What I've found in Samuel thus far is a woman who gave up everything to serve God (Hannah), an unfledging servant of the Lord who sticks to his guns when everyone is doing the opposite (Samuel) and a constant familial setting that is always morphing and changing, but nonetheless offering a social structure that makes every one of its members relatable and understandable.

Once I got passed looking for the Ultimate Truth or some unblemished Israeli warrior and just took these people for who they are, their world and lives came alive for me. I see myself in them, I see in their leaders surrogate mentors, and most importantly I see God working in the lives of these servants, just as He works in my life. This stuff is water, and my spirit is a desert aching to be filled.

Thursday, June 21, 2007

Pandora.com is awesome.

Bonafonatones, I miss you and your adeptly skillful players.

Spot the Shakespearean Quote!

Upon reccomedation from a friend (Kimbo), I started reading aChristian fiction book Redemption, written by Gary Smalley and Karen Kingsbury. I am not usually a fan of the genre, but I sample all reccomedations; it's only fair.

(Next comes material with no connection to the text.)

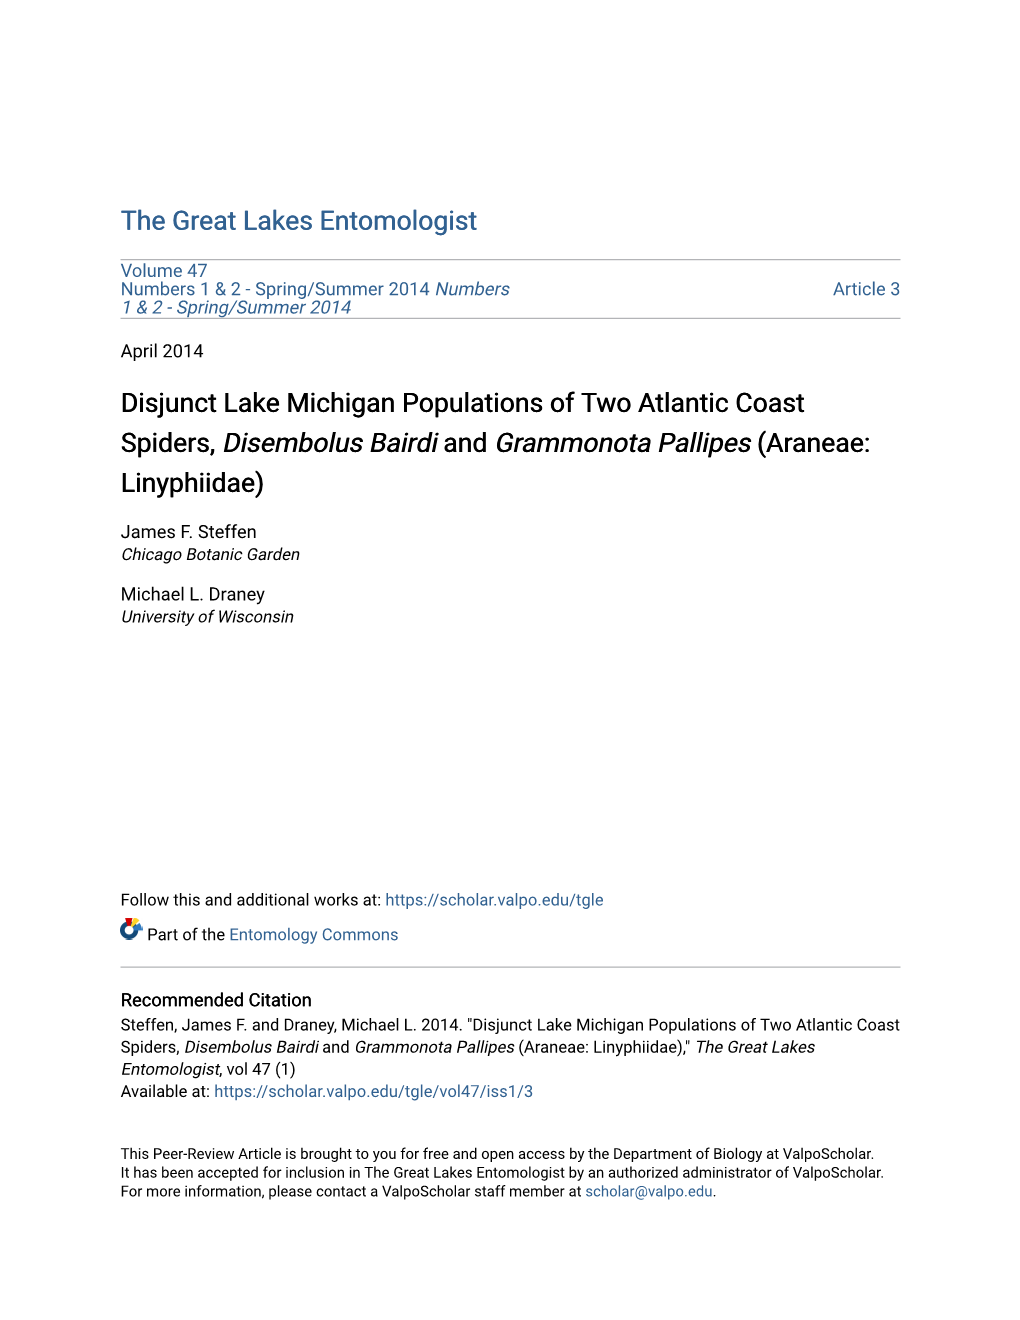 Disjunct Lake Michigan Populations of Two Atlantic Coast Spiders, Disembolus Bairdi and Grammonota Pallipes (Araneae: Linyphiidae)

Anyway, this particular novel is about a couple and the husband's having an affair. Thus far I'm not sure if I'm going to stick with it (and because of a rule originally set forth by high school English teach, Mr. Smead, I have to read on for at least 20 more pages). The writing itself has much to be desired both mechanically and rhetorically, and I can't help paying attention to those things, it's in my nature. The characters seem realistic enough, but they're a bit to "Everyman" for my tastes. Plus, it's set in Indiana, and thus is uncolorful.

In spite of all those things, however, this book is an engaging read. I'm picturing all these places in my head, sympathizing with the characters (well, not the cheaters, of course) and really just getting into it. Maybe this will be my indulgent read for the summer. To clarify, "indulgent reads" are the literary equivalent of American Idol. I shouldn't watch it, there's no logical reason why I do, but every season it just sort of happens.

In actual news, Misty and I are lizard-sitting for the week, which means we can't call the land-couple and tell them that the bathtub faucet is literally streaming hot water involuntarily. Eh, utilities are covered in full by the rent But still it holds true: "What a tangled web we weave when we first practice to deceive." Speaking of which, my car (Betsy) was booted today, and thanks to the dear ol' roomie and her concern, I am once again on the straight and narrow in regards to municipal law. Friends are awesome.